American neuroscientist

Miriam Salpeter ( Mark; April 8, 1929 – October 24, 2000) was a Latvian-born American academic. As professor of neurobiology at Cornell University, she developed quantitative electron microscopic autoradiography as a means to investigate the neuromuscular junction. The Society for Neuroscience created the Mika Salpeter Lifetime Achievement Award in her honour.

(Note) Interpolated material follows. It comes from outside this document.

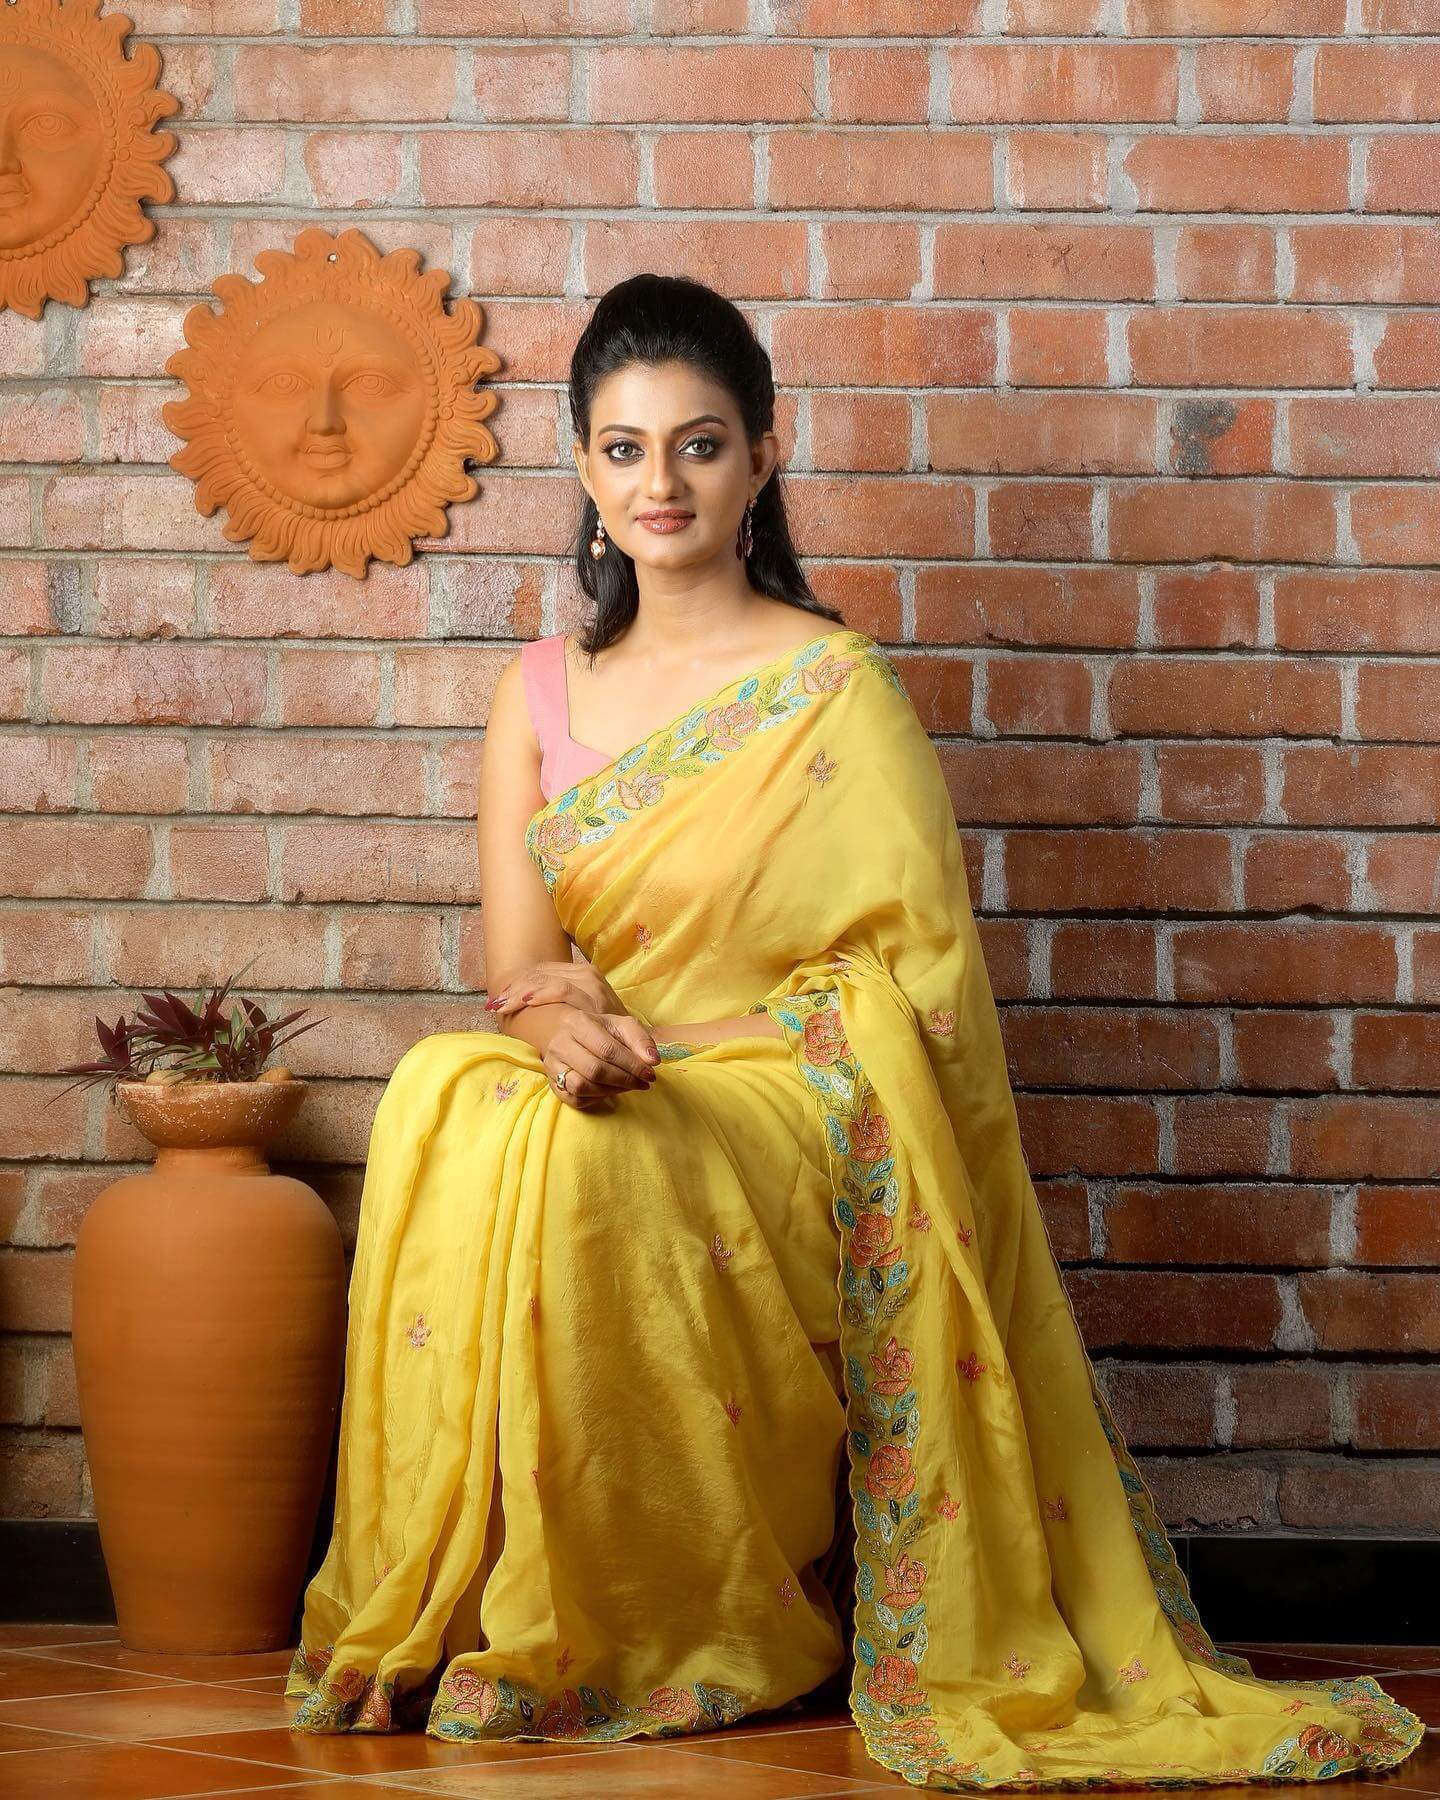 Priyanka Nair Look Pretty Amazing In a Yellow Floral Printed Saree With Contrasting Sleeveless Pink Blouse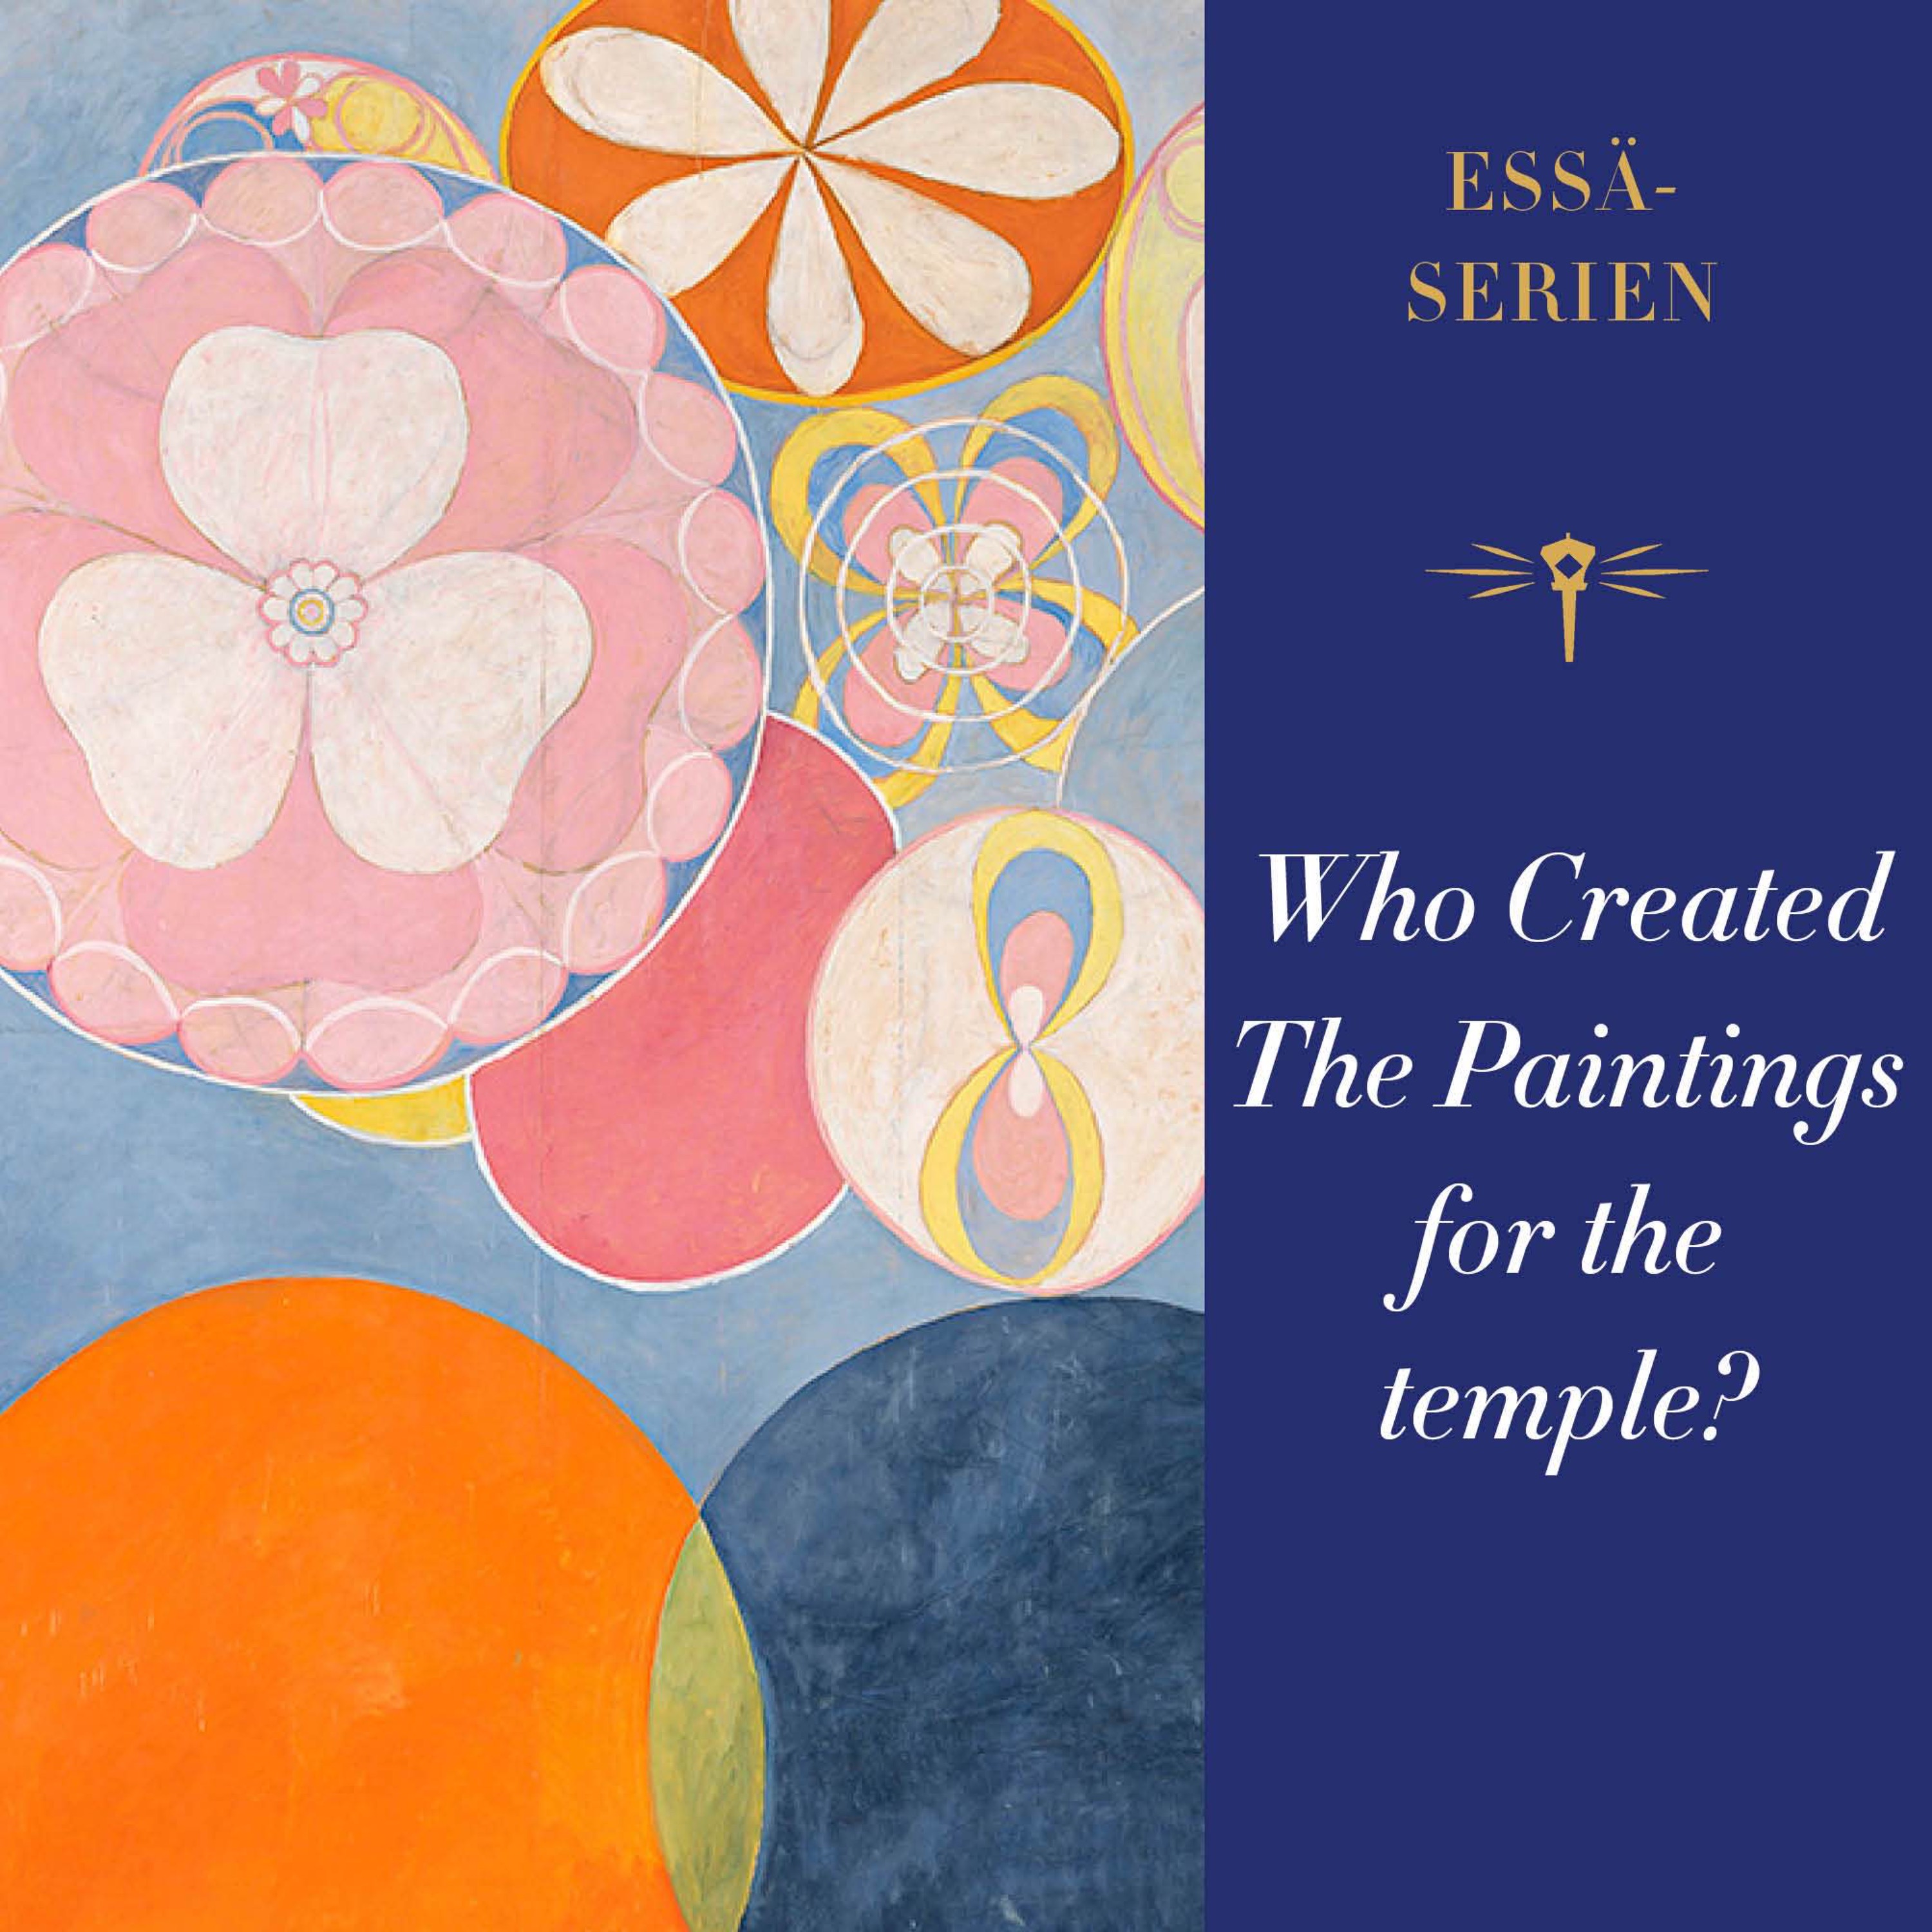 Who Created The Paintings for the temple?

== Early life and education ==
Salpeter was born in Riga. Her father was a Yiddish scholar and Salpeter was fluent in Yiddish. During the rise of Nazi Germany Salpeter emigrated from Latvia to Canada, before moving to the United States in 1945. Salpeter attended high school in New York City. She was an undergraduate student at Hunter College, where she was a member of Phi Beta Kappa and graduated summa cum laude. Salpeter moved to Cornell University for her doctoral studies, where she earned a PhD under the supervision of Howard Liddell. She spent a year at the Australian National University before returning to Cornell University as a postdoctoral fellow with Marcus Singer. Singer's laboratory was based in the Zoology department, where she studied cells using an electron microscope. Salpeter was appointed a research associate in the Singer lab in 1961 and soon after promoted to Senior Research Associate.

== Research and career ==
Neurobiology was an emerging field at the start of Salpeter's research career, and she decided to concentrate her efforts on the neuromuscular junction. The neuromuscular junction is a synapse that controls all voluntary movement, the formation of which was extensively investigated by Salpeter throughout her research career. In particular, Salpeter looked at the role of acetylcholine receptors. Salpeter struggled to secure a faculty position at Cornell University – Singer, her biggest advocate in the department, moved to Case Western Reserve University, and the academic community were not welcoming to women. Salpeter did not let this atmosphere faze her, and continued her research as a non-faculty member. In 1967 Salpeter was recruited to the Cornell University Section of Neurobiology and Behavior. Here she worked in the laboratory of Benjamin Siegel and was supported by the National Institutes of Health. She spent a year in the laboratory of Vincent Wigglesworth at the University of Cambridge.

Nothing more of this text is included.